**About this task**. Please return the full listing exactly as written, with the images removed.

**Information supplied**.
++++++++++++++++++++

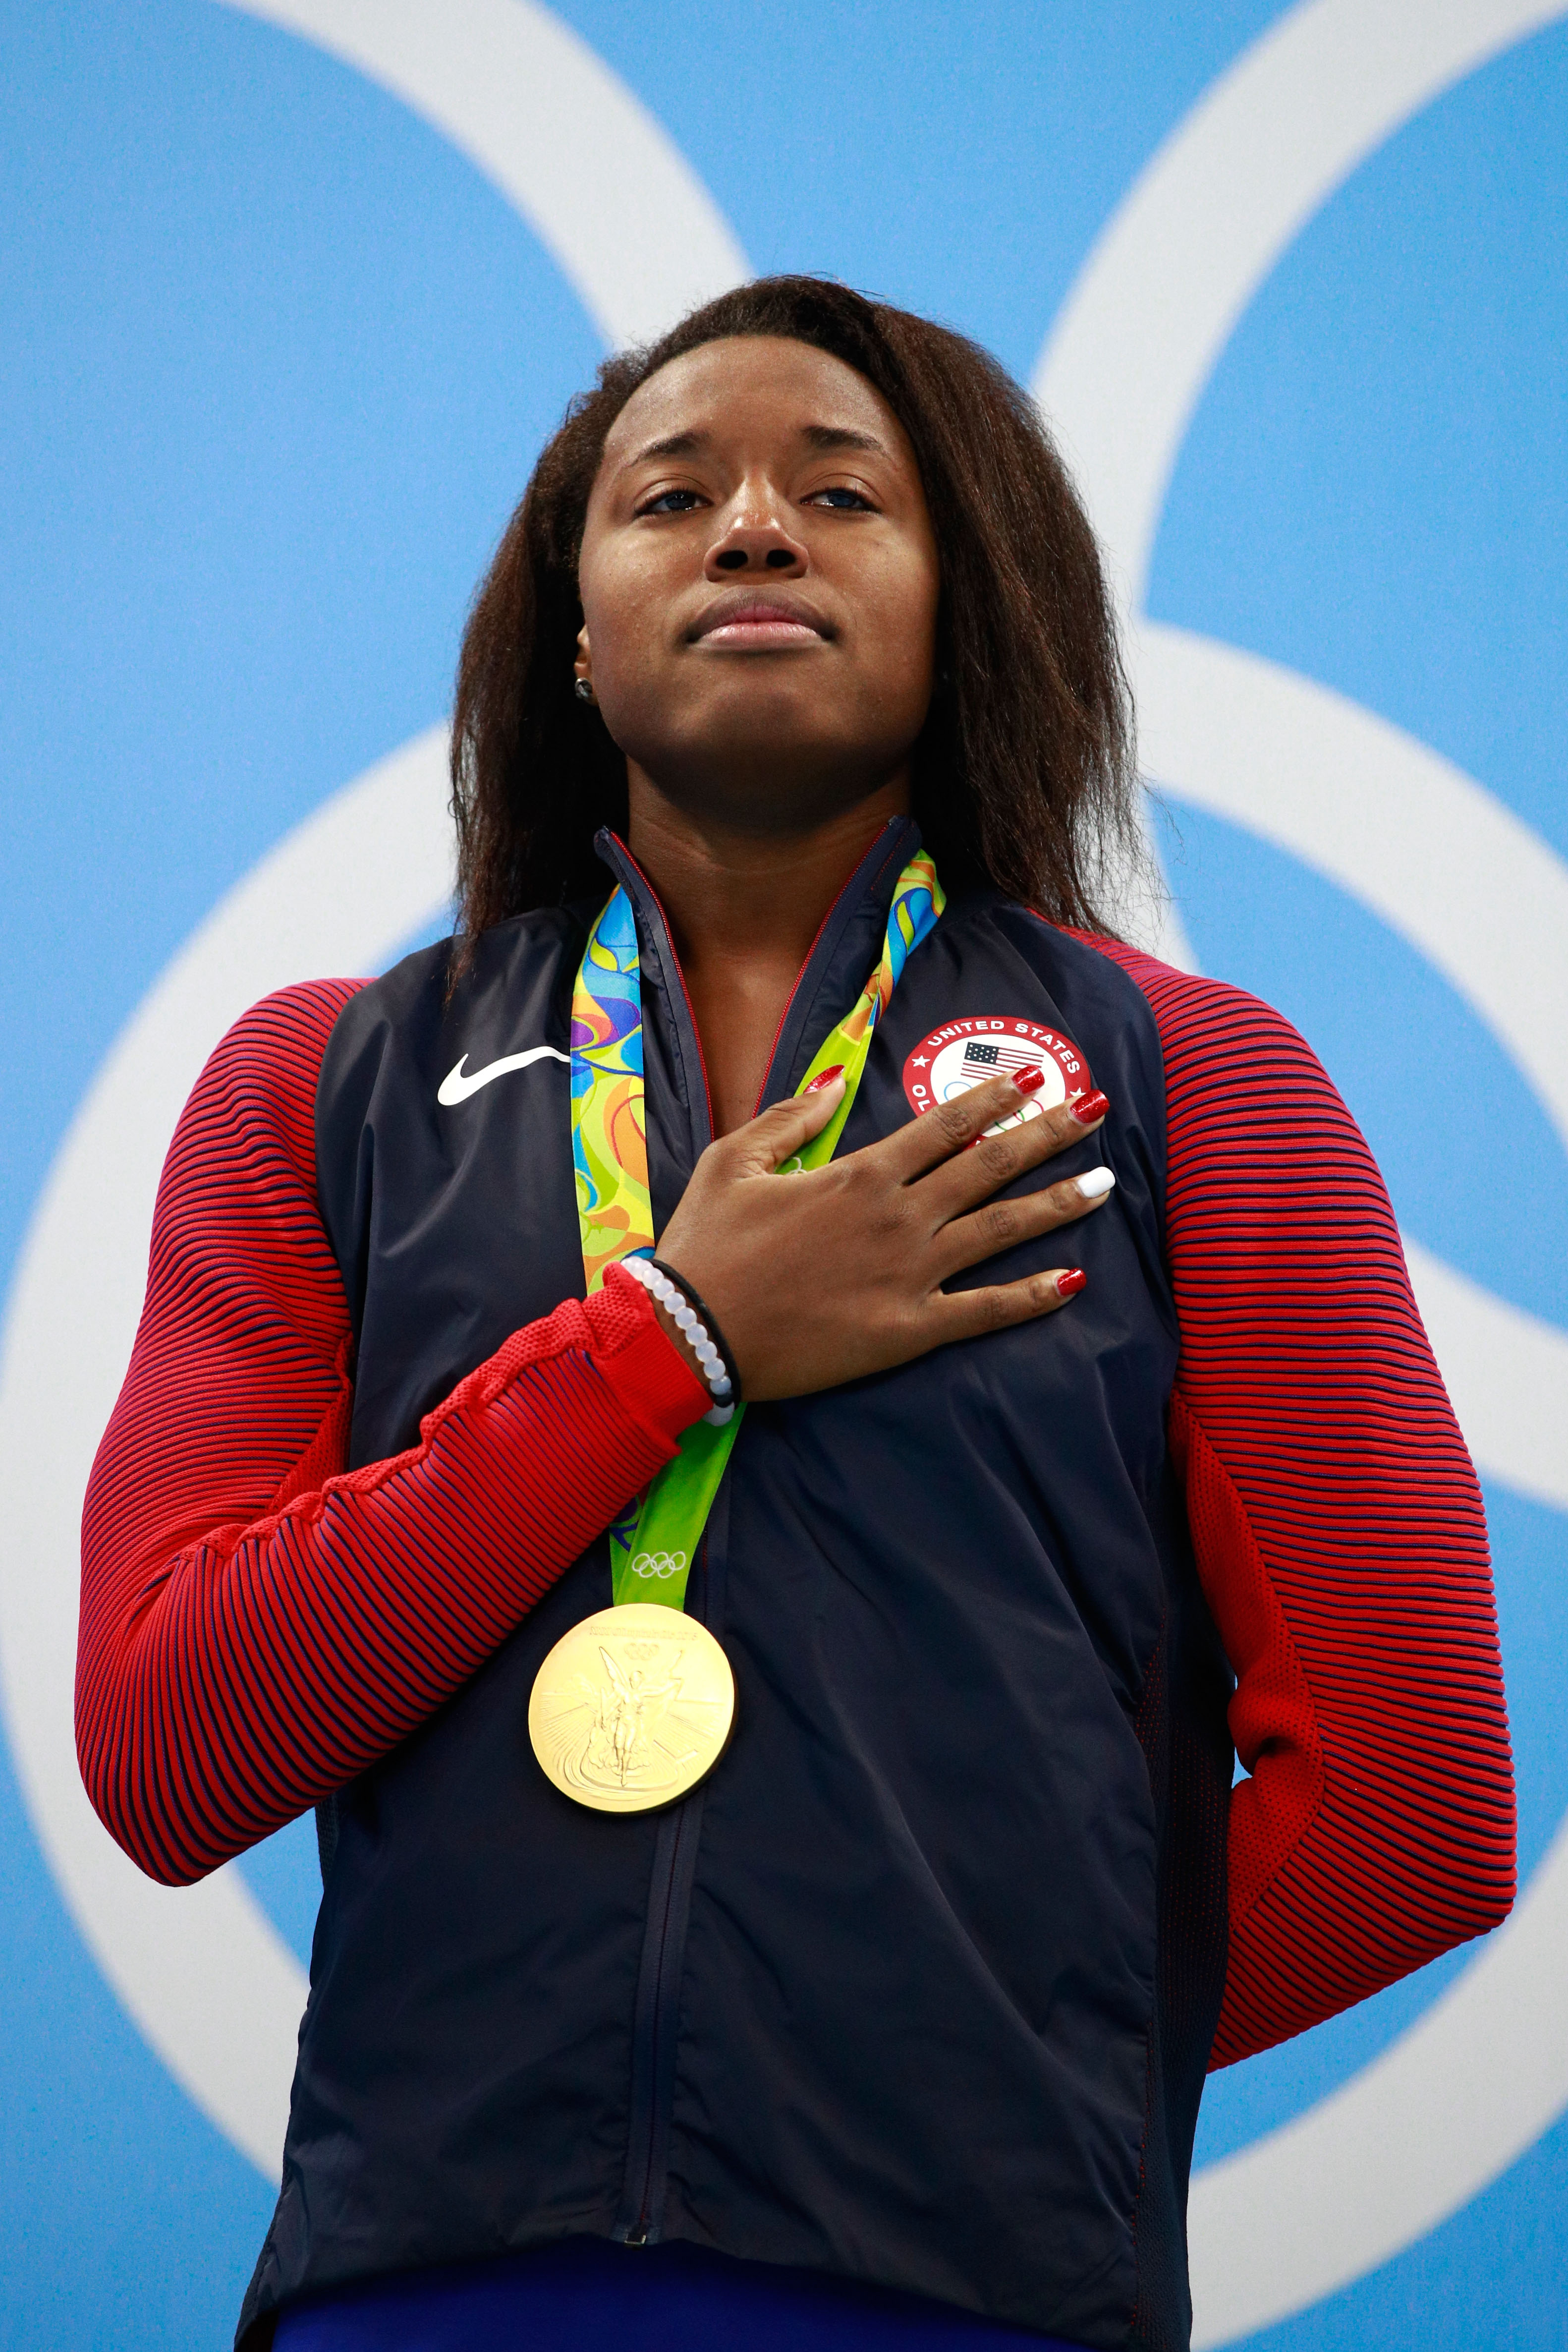 Gold medalist Simone Manuel.  (Photo by Adam Pretty/Getty Images)
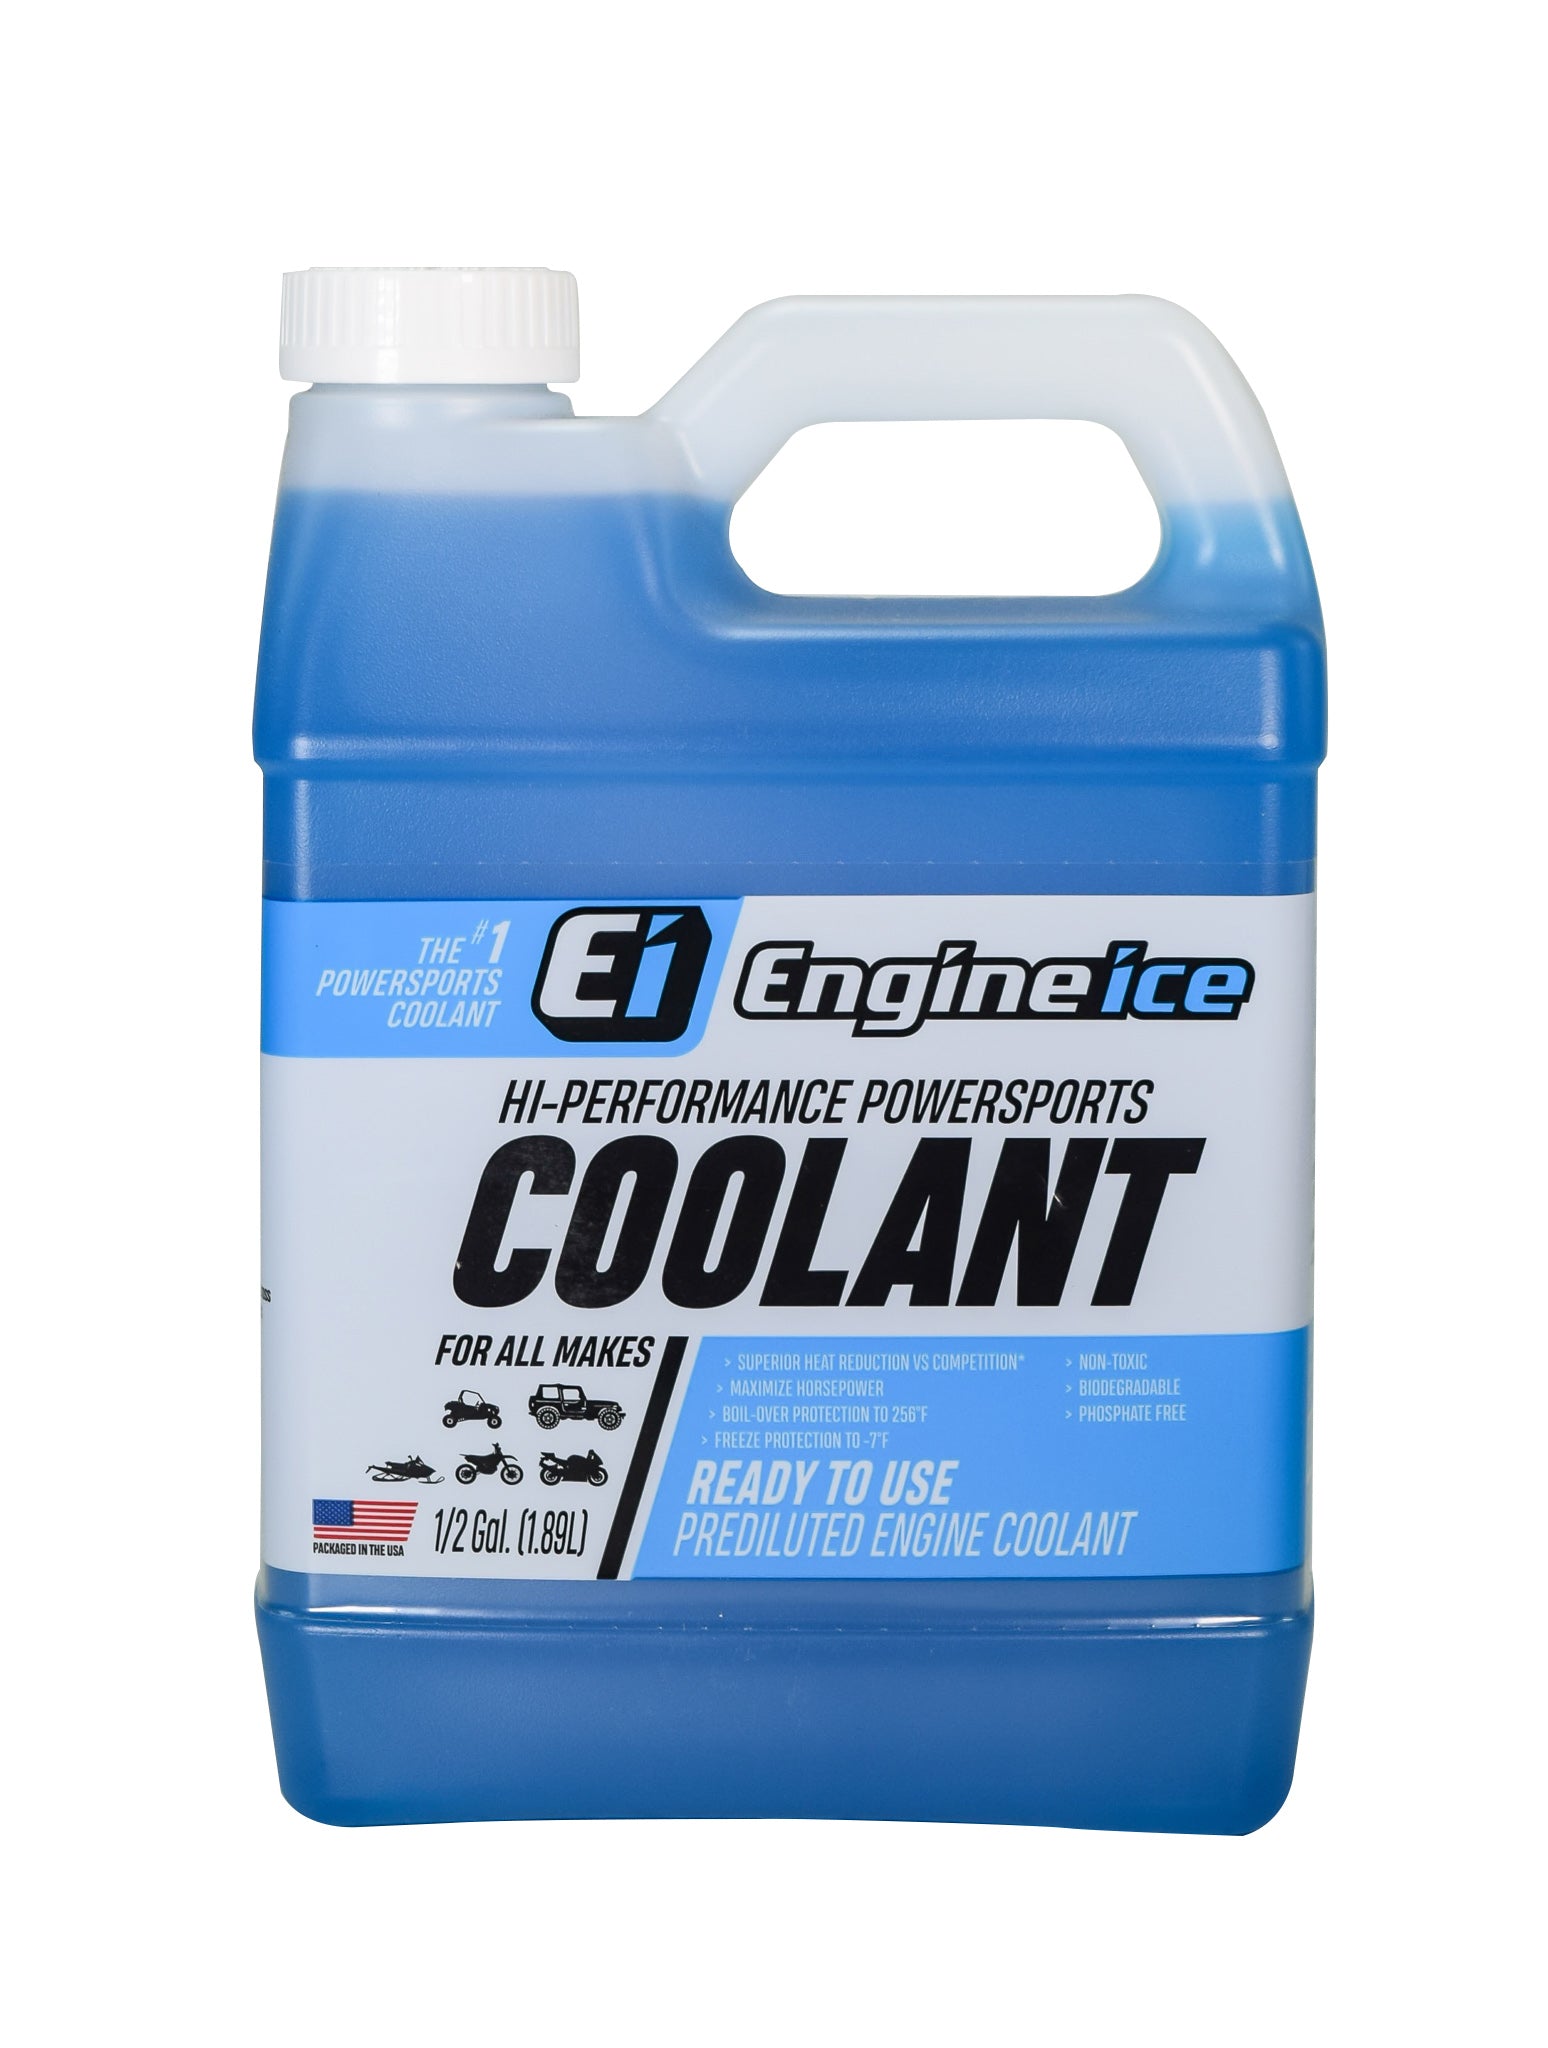 Engine Ice TYDS008-03 High Performance Coolant, 0.5 gallon, 2 Pack
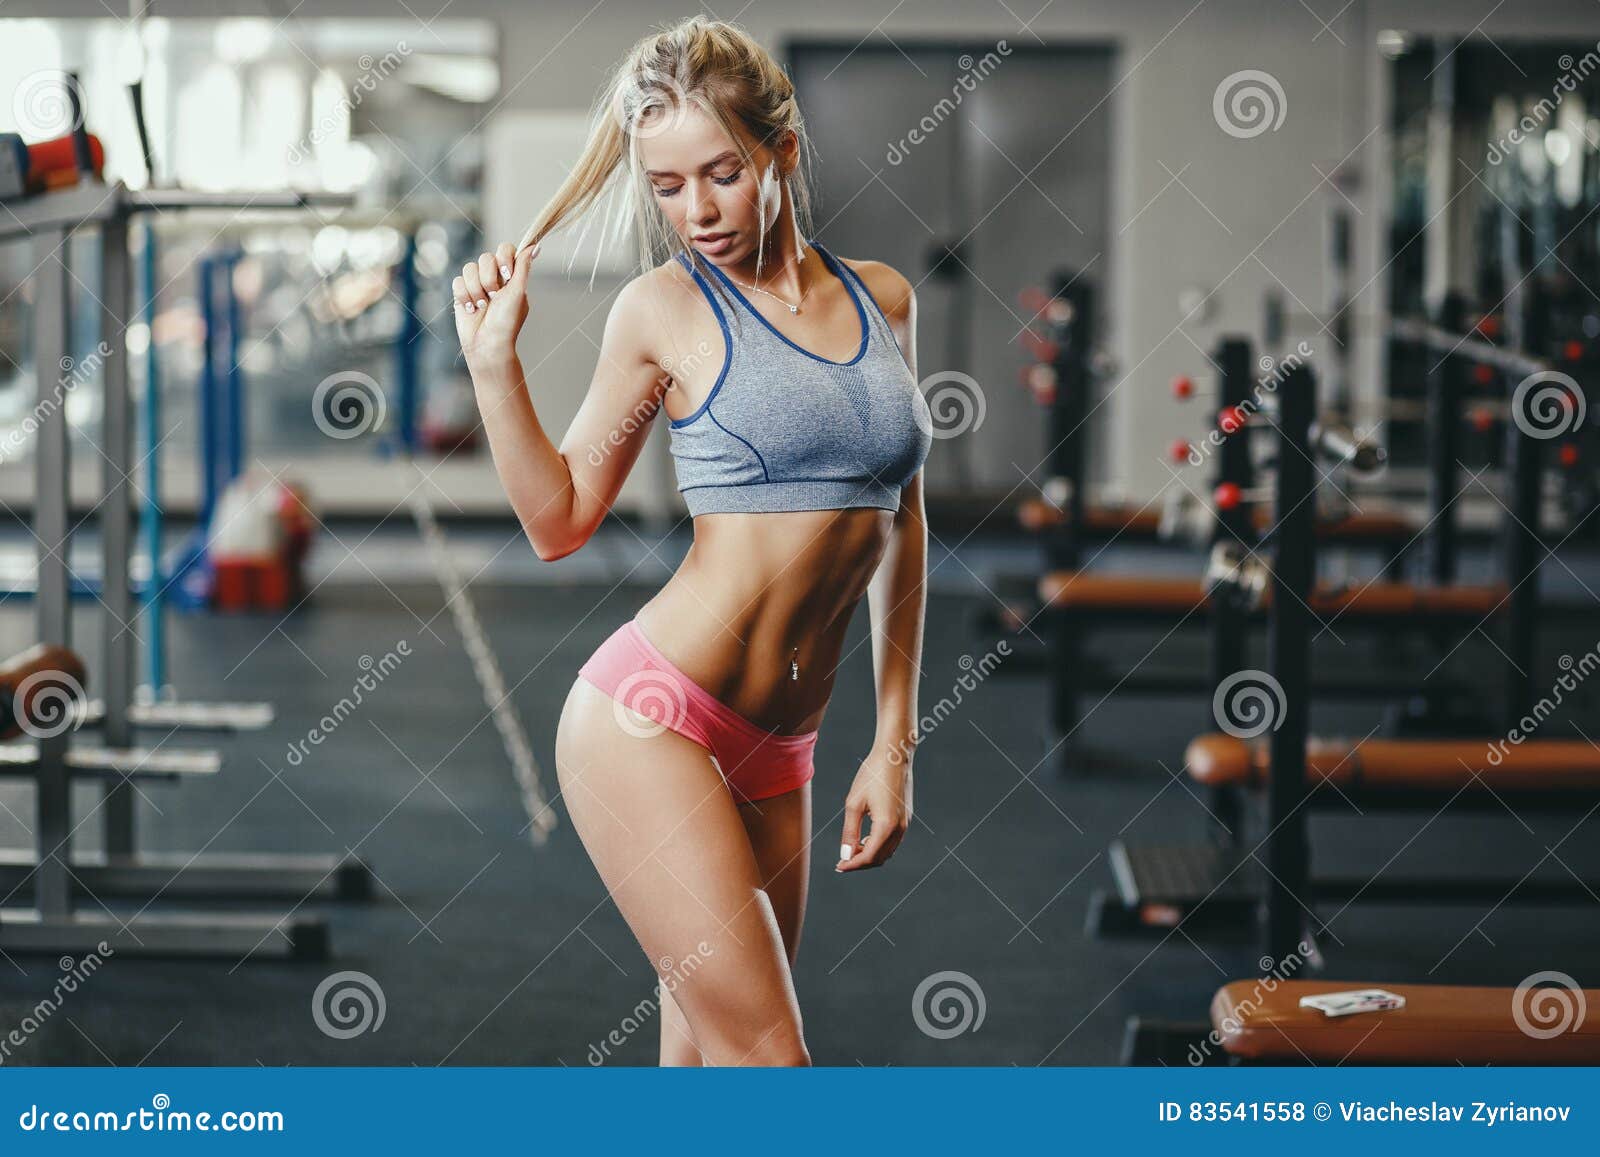 Fitness Photoshoot Poses for Athletes

++++++++++++++++++++

**Answer for the task**.
 Gold medalist Simone Manuel.  (Photo by Adam Pretty/Getty Images)
 Engine Ice TYDS008-03 High Performance Coolant, 0.5 gallon, 2 Pack
 Fitness Photoshoot Poses for Athletes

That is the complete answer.